Abstract
Neuron reconstruction can provide the quantitative data required for measuring the neuronal morphology and is crucial in the field of brain research. However, the difficulty in reconstructing packed neuritis, wherein massive labor is required for accurate reconstruction in most cases, has not been resolved. In this work, we provide a fundamental pathway for solving this challenge by proposing the use of the super-resolution segmentation network (SRSNet) that builds the mapping of the neurites in the original neuronal images and their segmentation in a higher-resolution space. SRSNet focuses on enlarging the distances between the boundaries of the packed neurites producing the high-resolution segmentation images. Thus, in the construction of the training datasets, only the traced skeletons of neurites are required, which vastly increase the usability of SRSNet. From the results of the experiments conducted in this work, it has been observed that SRSNet achieves accurate reconstruction of packed neurites where the other state-of-the-art methods fail.
Introduction
A neuron cell is the basic structural unit in neuronal circuits [1]. Observing and measuring the neuronal morphology plays a vital role in the field of brain research [2]. A series of advances in the optical imaging and molecular labeling techniques have enabled us to observe an almost complete neuronal morphology with sub-cellular resolution and have pushed the understanding of neuronal anatomy to a new level [3–5]. However, improvements to the measurements of the observed structure can still be done. This is because the difficulties that occur in reconstructing dense neurites, which is an indispensable ingredient in the measurement of neuronal morphology, has not been resolved satisfactorily, and many reconstruction errors require manual revision.
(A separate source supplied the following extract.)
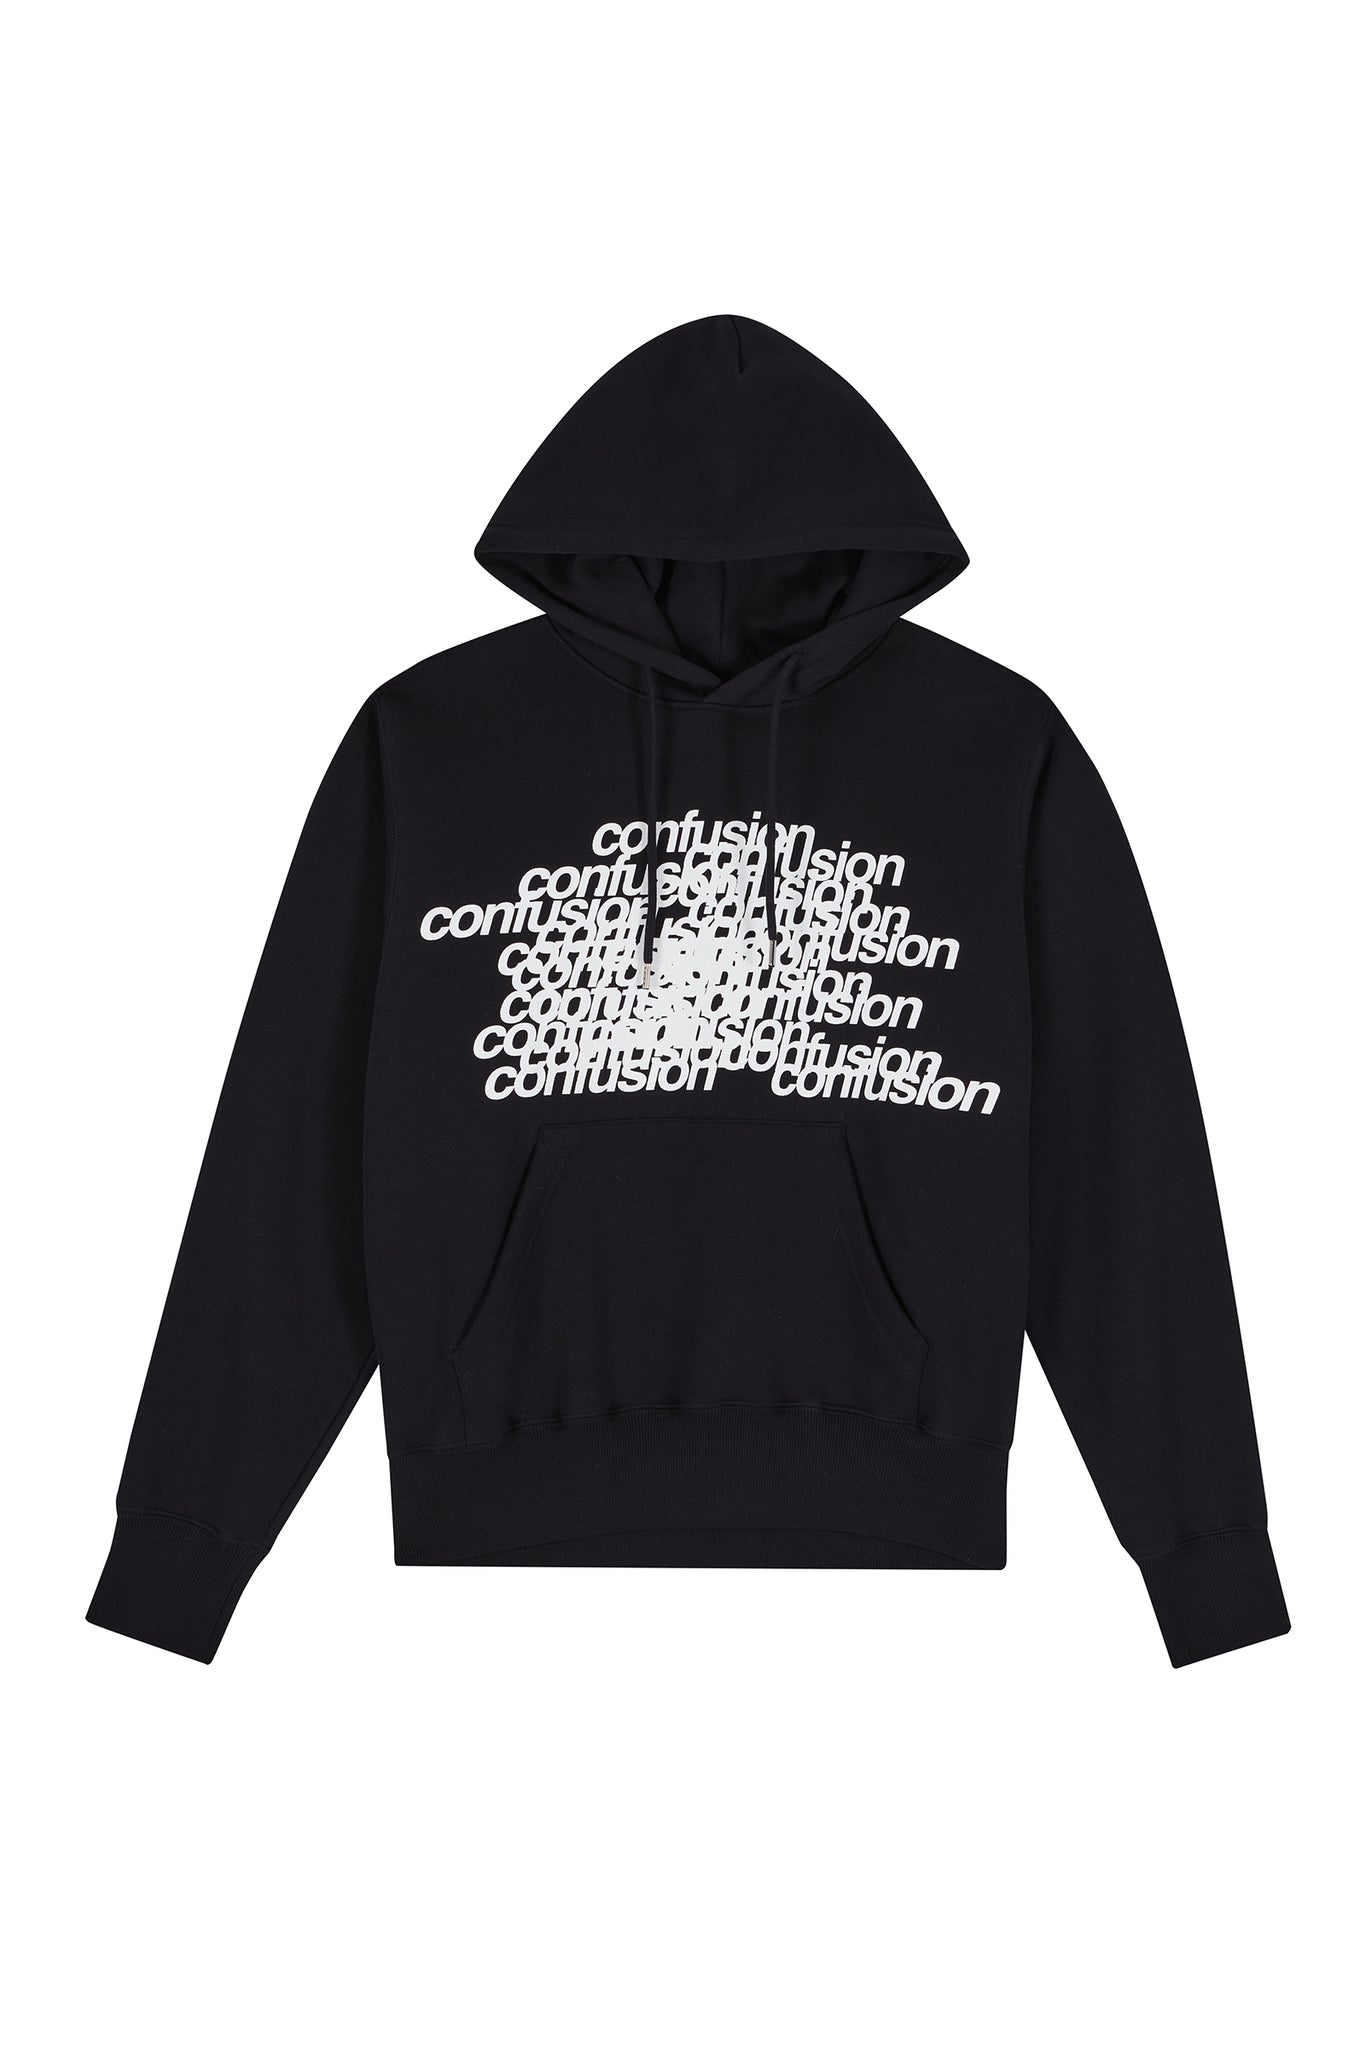 THE "CONFUSION" PRINTED HOODIE

The procedure of reconstructing dense neurites is an open question in the subject of neuronal image analysis. Its challenge originates from the following facts: A neurite and its nearest neighbors have a small distance between their boundaries and their structure thus creates confusion when using the currently available reconstruction methods. The crossover neurites form a variety of potential link patterns whose number increases exponentially with the number of neurites. This makes it difficult to identify the correct links in the crossover region. Furthermore, the effect of the point spread function, the variations in the image intensity and radius along the length of each neurite, and the inhomogeneous background worsen the reconstruction accuracy of dense neurites.
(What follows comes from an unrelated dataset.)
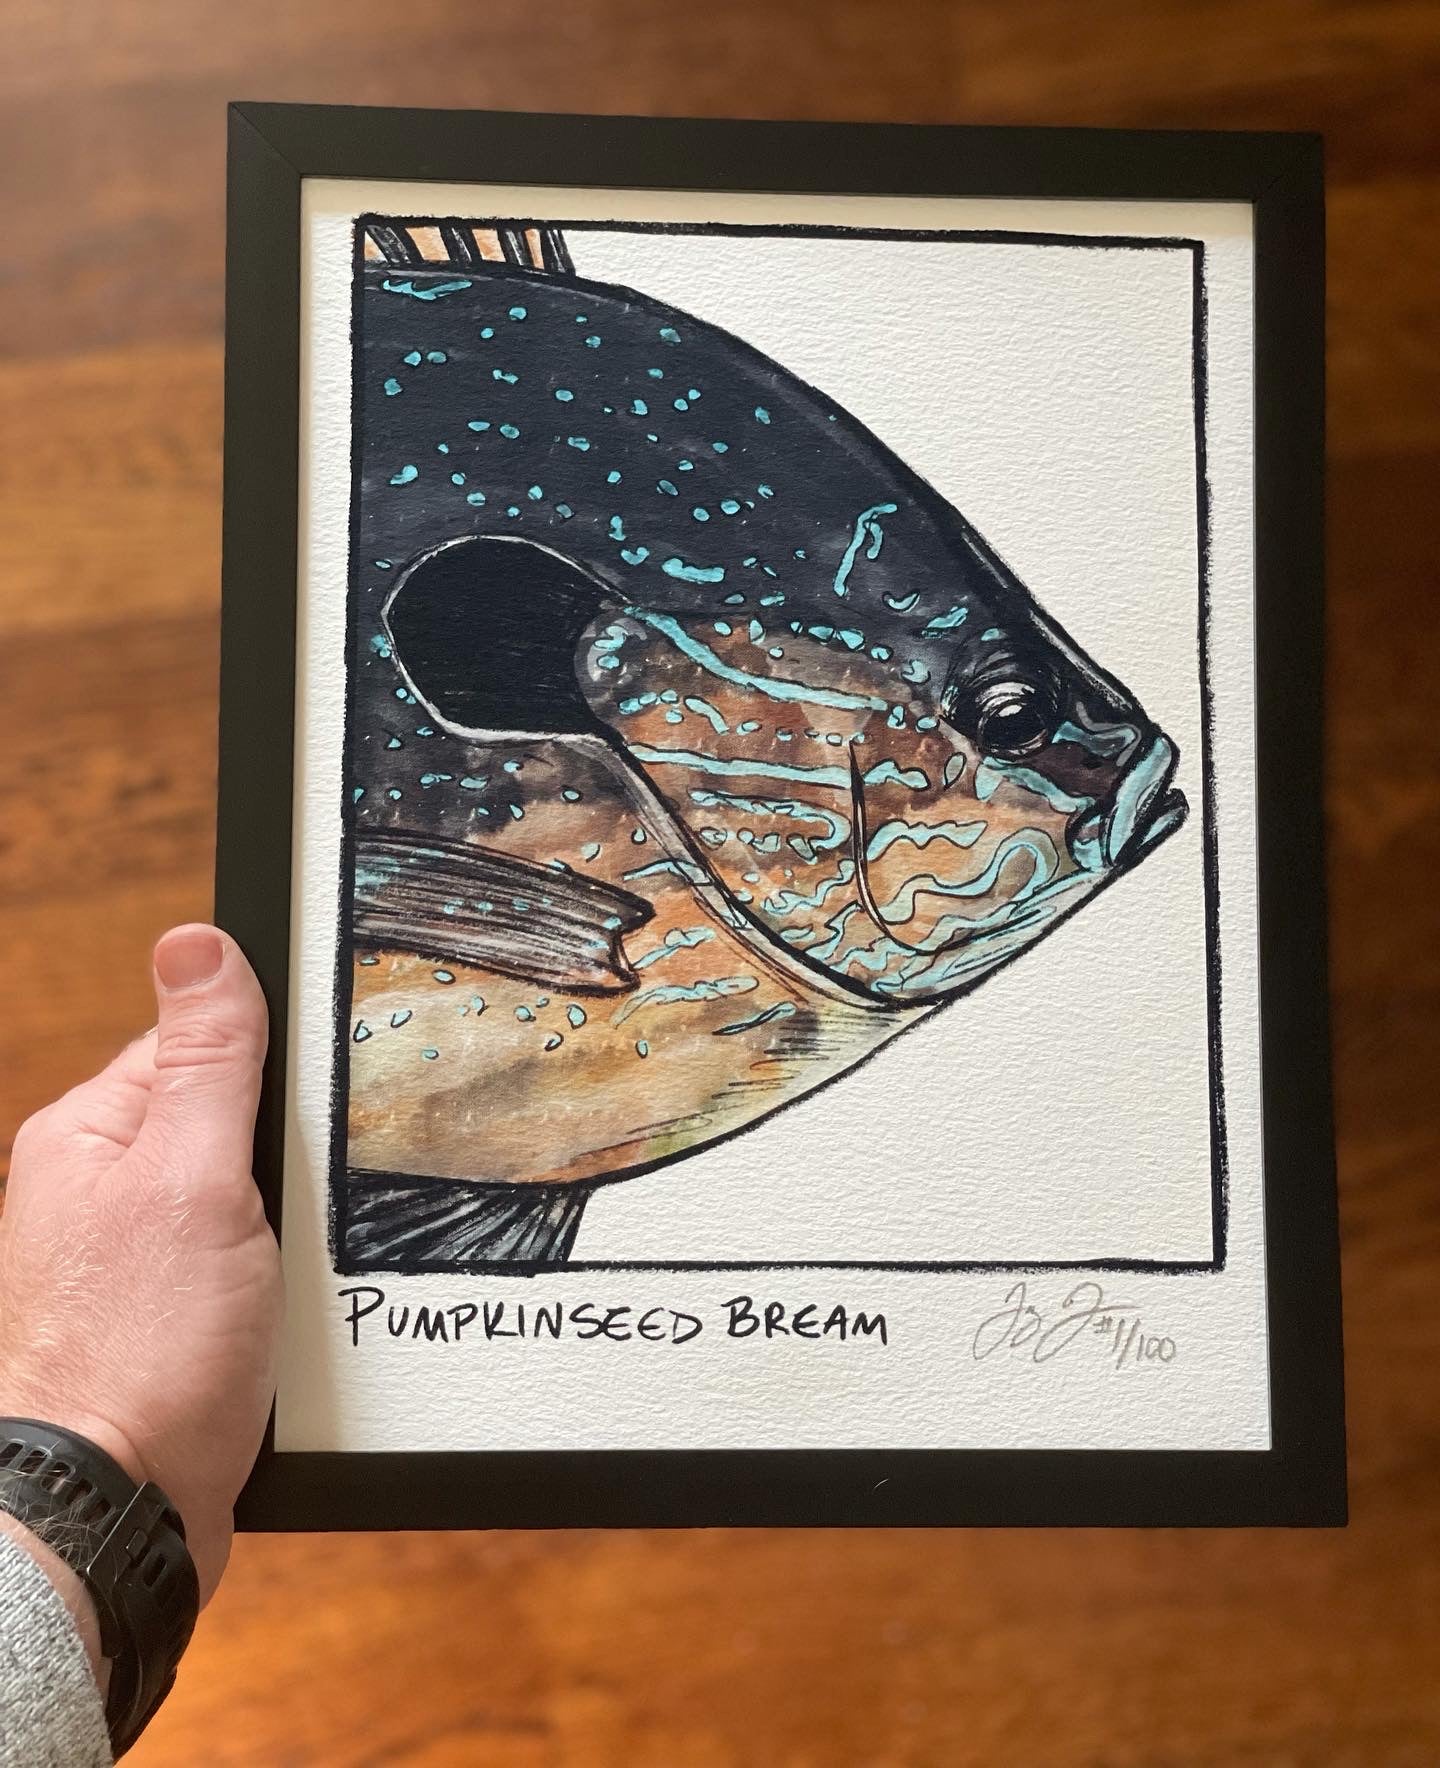 Pumpkinseed Bream Closeup Print Ed. of 100 (Frame not included)

Several methods have been proposed for this reconstruction process. The common characteristic among these methods is their focus on identifying the false links between the traced neurites. Graph partition or machine learning based methods are generally employed to search for the optimal links between the traced neurites which makes the morphological features of the reconstructed neurites to be consistent with certain summarized rules [6–11]. However, the dense distribution of neurites and a low image quality usually result in numerous and complicated false links. The real links are difficult to extract and find using the algorithms. Even if the different scales of the morphological features and the positions of somas are fully considered, a substantial part of the neurites cannot be correctly assigned to their own neurons, especially for ones deviating from somas. The fundamental pathway to resolving this problem of reconstructing dense neurites is to improve the neuronal image resolution to be able to separate the densely packed neurites. Developing the optical system or super-resolution image reconstruction methods in principle is feasible, but these methods are expensive.
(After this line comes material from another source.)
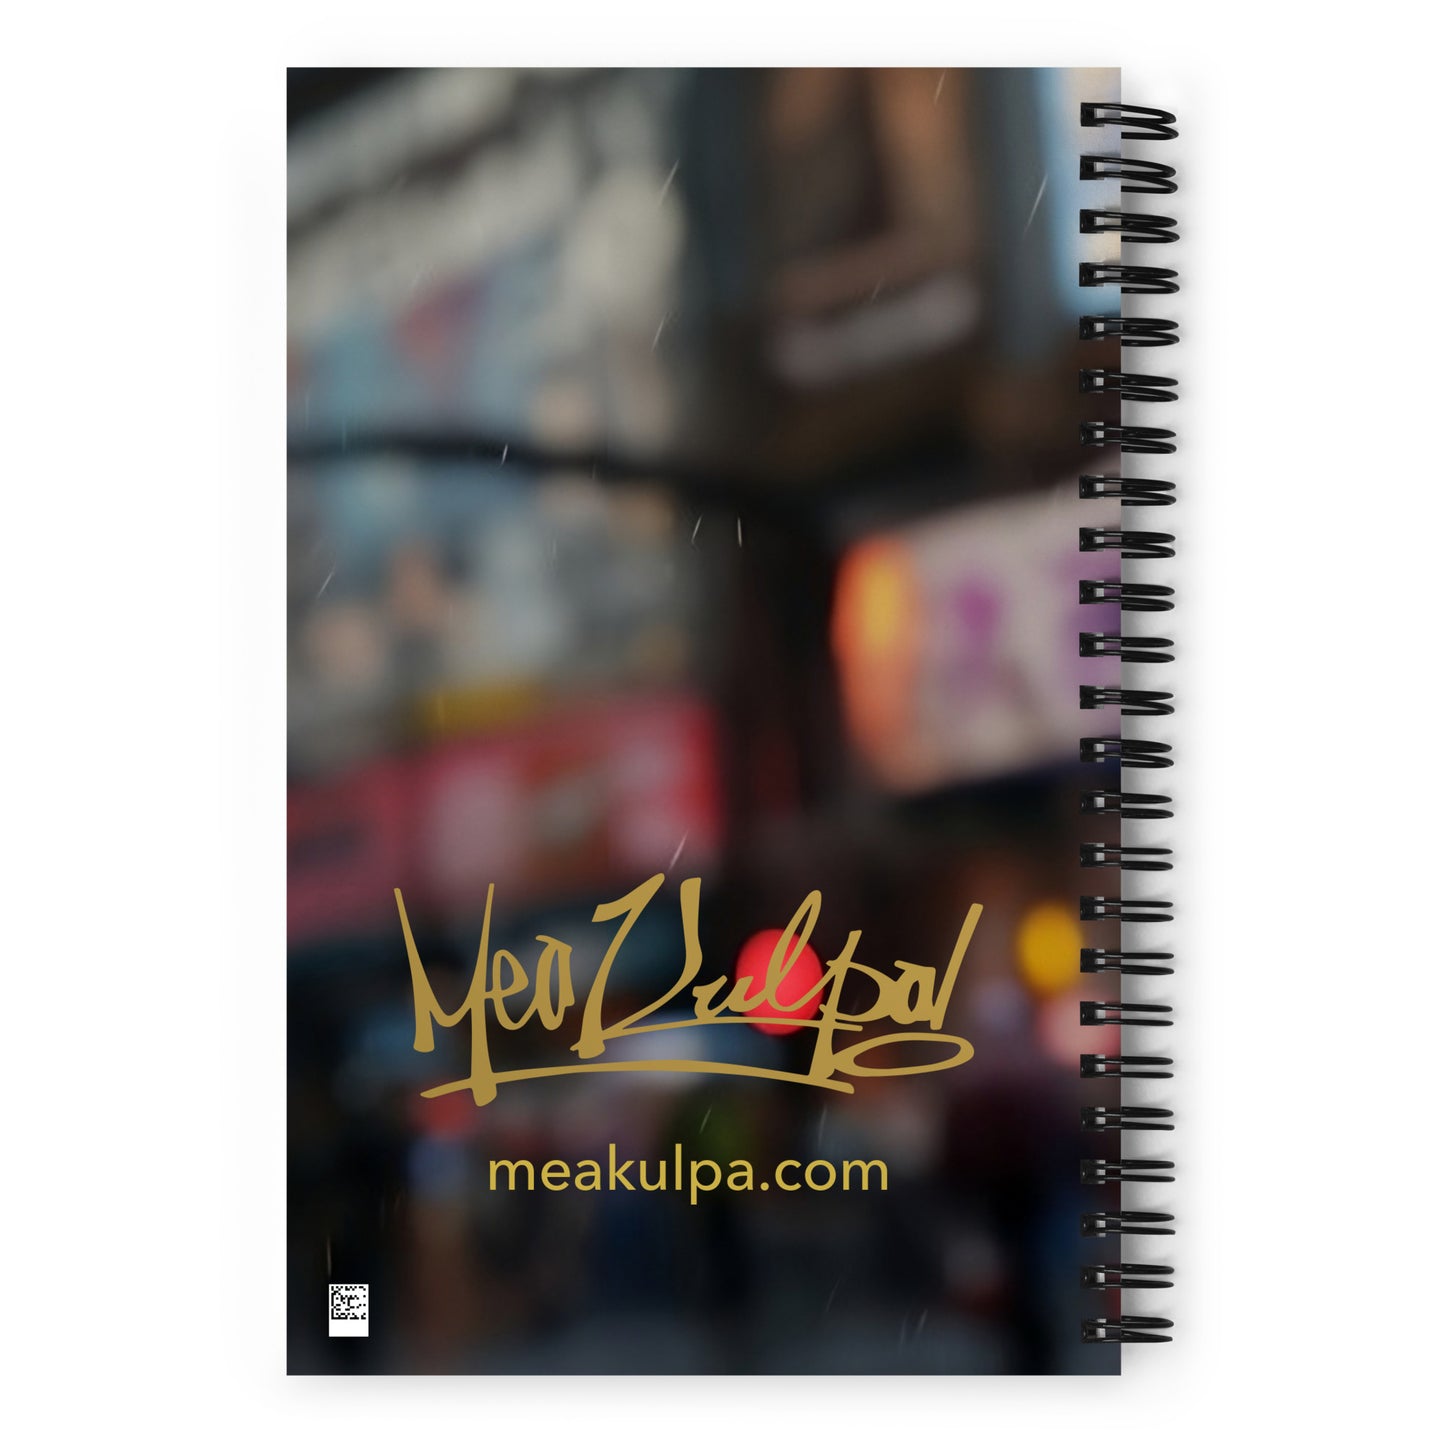  ChatGPT Neon Street Vibes: MeaKulpa Future Girl Spiral Notepad Back Cover  In this mesmerizing image, the back cover of the MeaKulpa Future Girl Spiral Notepad unveils a neon-lit street backdrop, creating an urban ambiance. The street's vibrant energy is delicately blurred, offering a dynamic contrast to the forefront. The gold MeaKulpa OG logo stands boldly against this neon dreamscape, while the meakulpa.com URL adds a touch of digital allure.

In this work, we propose a super-resolution segmentation network (SRSNet) for the reconstruction of dense neurites. This network inherits the advantages of the super-resolution image reconstruction network, enlarges the distances between the boundaries of the neurites and directly outputs the segmentation of the dense neurites in a high-resolution (HR) image space. The proposed network does not require massive three-dimensional (3D) registrations of high-resolution images, which are necessary for super-resolution image reconstruction network, but which are difficult to obtain in practice. Compared to the original image stack, the total voxel of its super-resolution segmentation image stack has a 16-fold improvement, and approximately 50 % decrease is achieved in the radius of the neurites. We demonstrate the vast enhancement that SRSNet provides in the reconstruction accuracy of dense neurites. For some testing datasets that the current methods fail to reconstruct, the reconstruction precision achieved by employing SRSNet ranges from 0.77 to 0.99. Overall, SRSNet essentially reduces the complexity of neuronal images and provides a completely new pathway for solving the problem of reconstructing dense neurites.
Methods
Image resolution is a key factor in determining the reconstruction accuracy of densely distributed neurites. Limited by the imaging system in practice, the image resolution is not sufficiently high to separate the densely distributed neurites in the observed image stacks. This also hinders the improvement of image resolution with deep convolution networks, which require massive HR images for constructing the training datasets. SRSNet breaks the rule that an HR imaging system is necessary for dense neurite reconstruction, and transforms the neuronal images into a segmentation image in a higher-resolution space in which the densely distributed neurites are separated. To illustrate this point, we introduce the SRSNet structure, the training datasets construction, and some related materials.
In general, for an optical imaging system, the observed image can be approached by convoluting an HR image with the point spread function (PSF) and then downsampling the convoluted image. The PSF is determined by the optical system and keeps stable. Thus, the different radii of neurites can be identified in the HR image, which are, in general, difficult to estimate in practice. In the design of SRSNet, we assume that the convolution of the neurites with a fixed radius and a population of PSFs also approach the observed image (Fig. 1(a)). This assumption is based on the basic property of the convolution operation and makes it easy to generate an HR image corresponding to its observed image. The generated HR image consists of a series of cylinders that connect with each other and the center-point curves of which are the traced skeletons of neurites in the observed image. In this way, we build the mapping of the observed image and its corresponding HR image.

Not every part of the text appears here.